Glad you controlled yourself:
I know you must have cried, but thank you for not doing it in front of me. You respected the ban I had made on everyone not to cry for me, in front of me. (I mean even I hadn’t cried for me, why should you???)
I feel blessed with you:
Love you so much. I feel happy that at least your motherhood has shown you what you mean to me.
Yet, my Allah has blessed me more even, by giving me enough life to be watching you grow in front of my eyes to this ripe age! 😉 (Just kidding!)
The beauty of age:
Let me tell you, as age ‘ripens’ you, it also makes you realize what a great blessing it is.

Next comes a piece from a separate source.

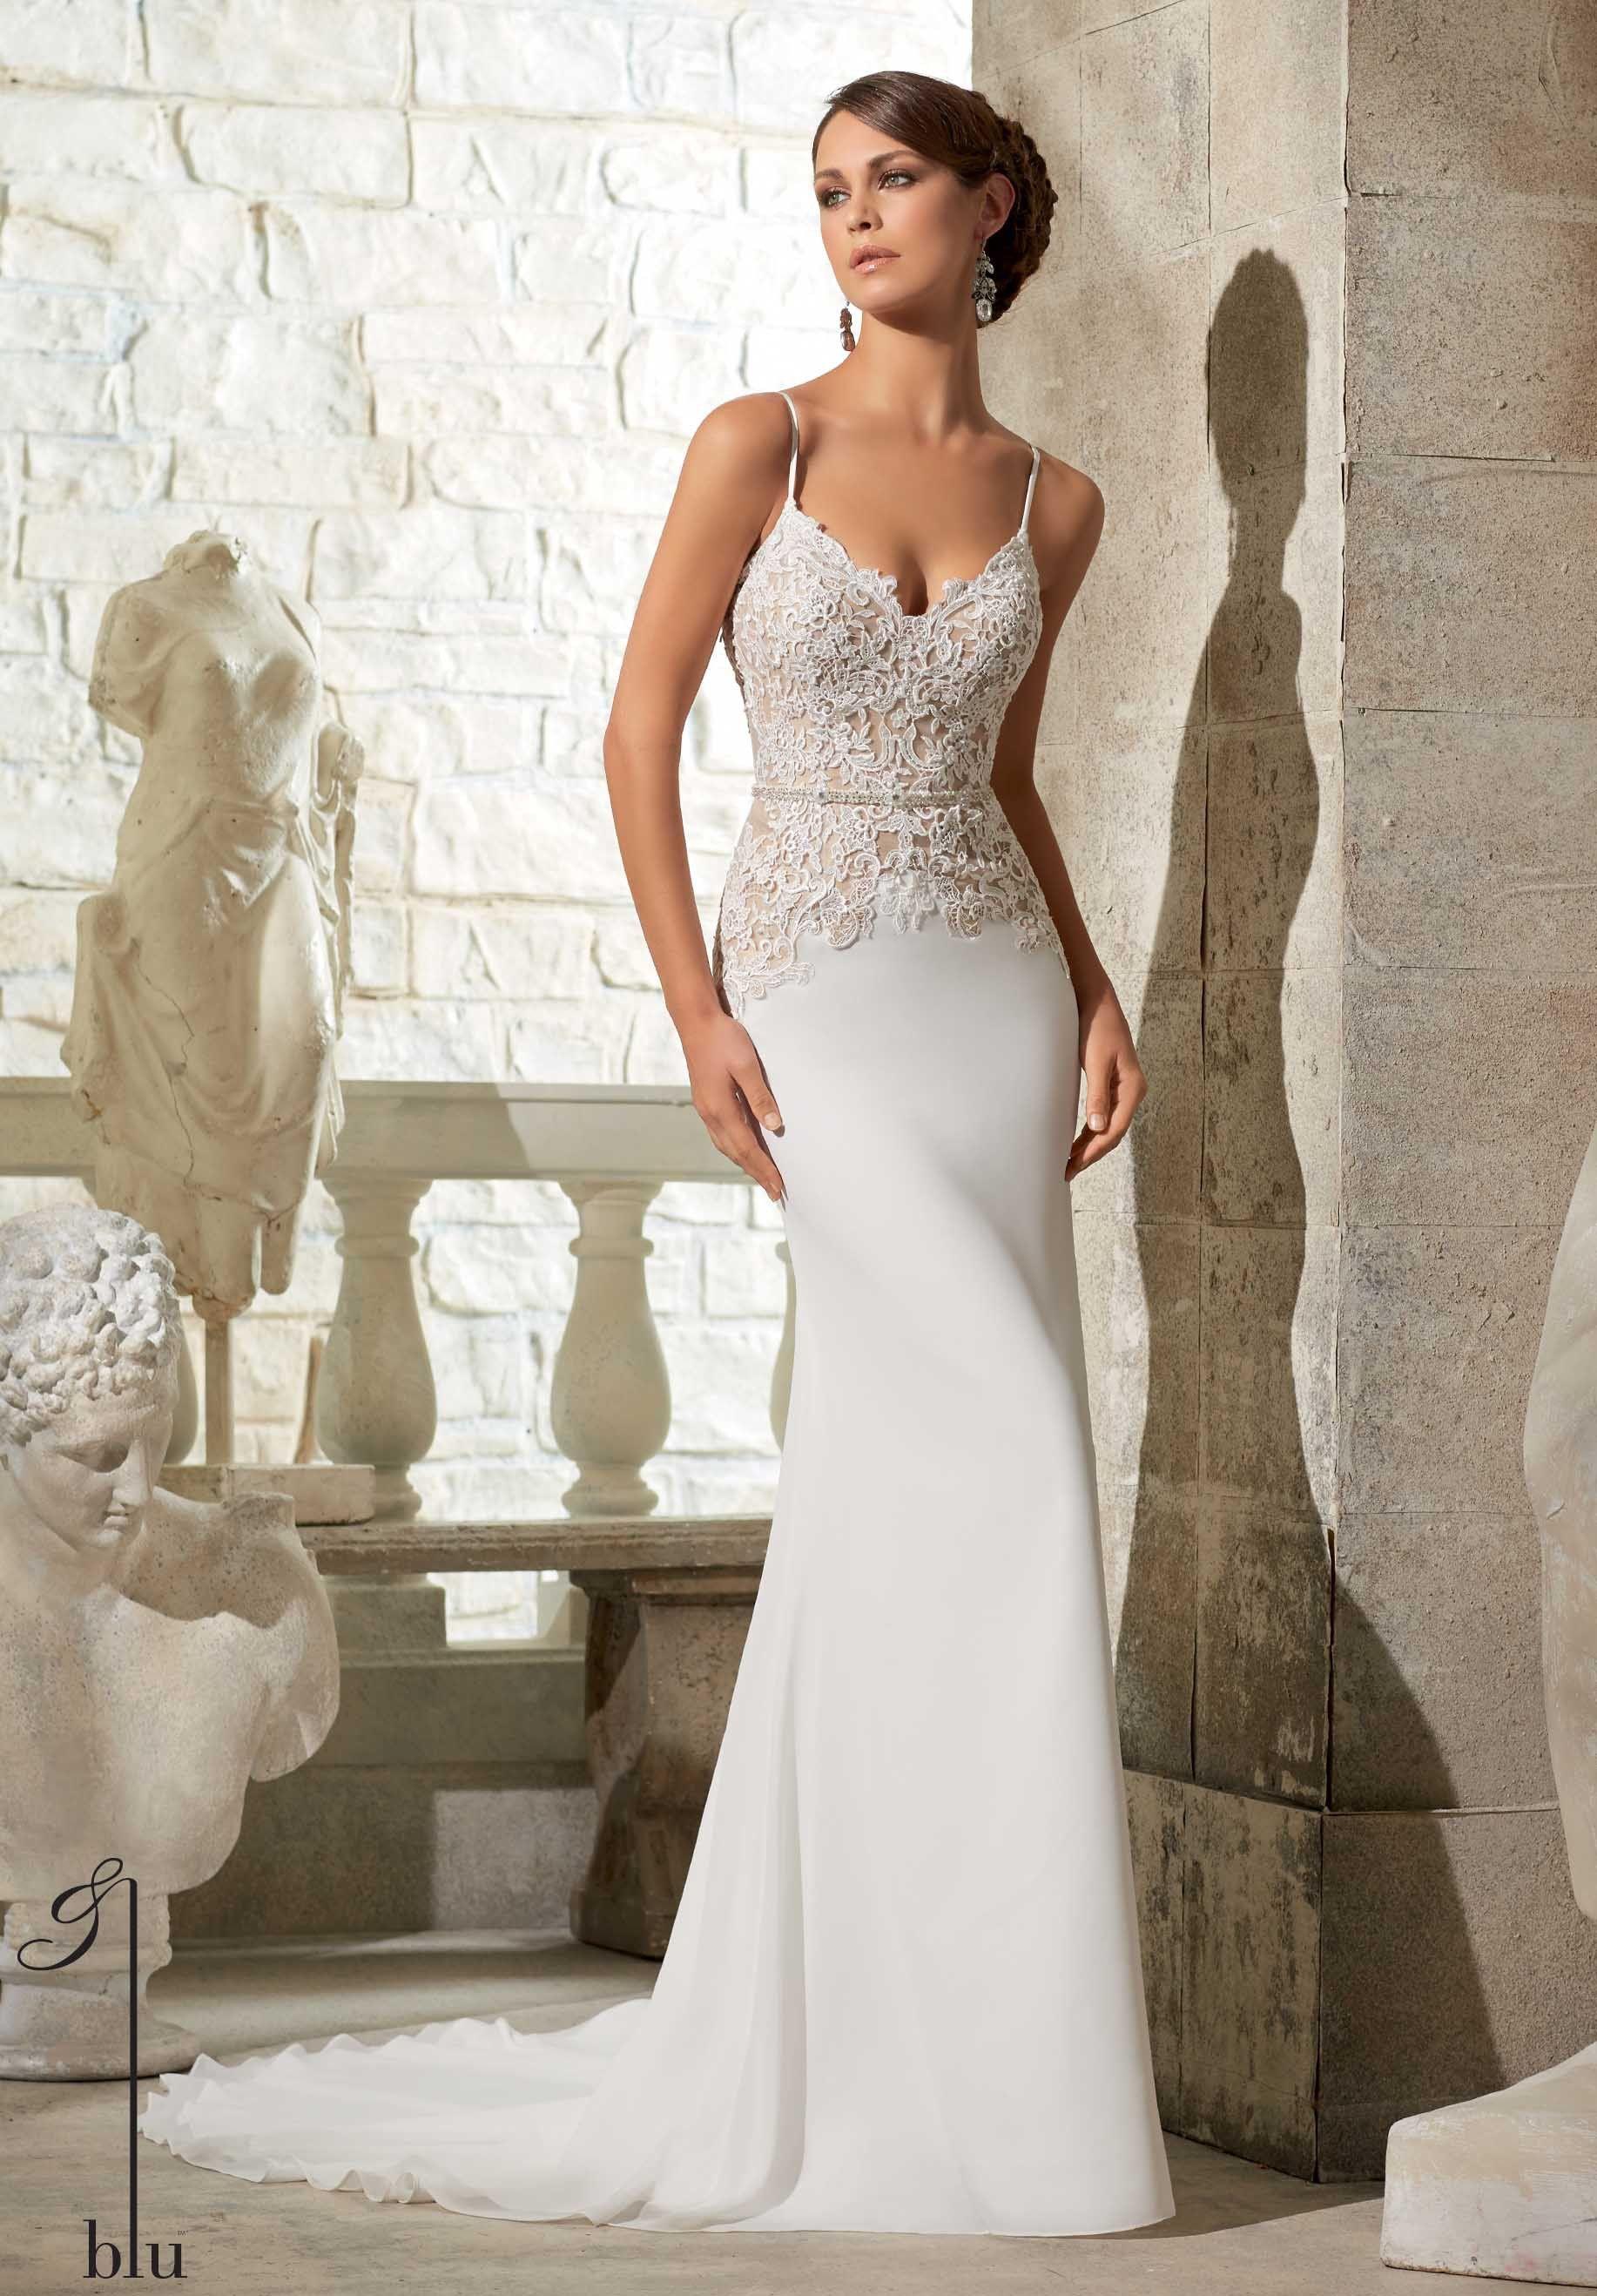 Imagenes de vestidos de novia pegados al cuerpo

How much Allah has blessed one in so many ways. At each age, He brings out another beautiful aspect of life in front of you, which you couldn’t see earlier. Now, you can!
On your birthday, as I wish you I have to adjust to having a fulllll grown baby now. So you are not alone in adjusting to your new age!
HBD Nataliya, 😊 I love you to Seattle and back! Looking forward to seeing you soon.
Let me say one last thing, I love this grown up Nataliya, my first born child. (I’m still quite in awe of you!)
Stay blessed and protected. 😊
Note: All photographs shamelessly borrowed from your own pages! Your photography is always so great. 🙂 I’m sure you won’t mind. Love you more for this!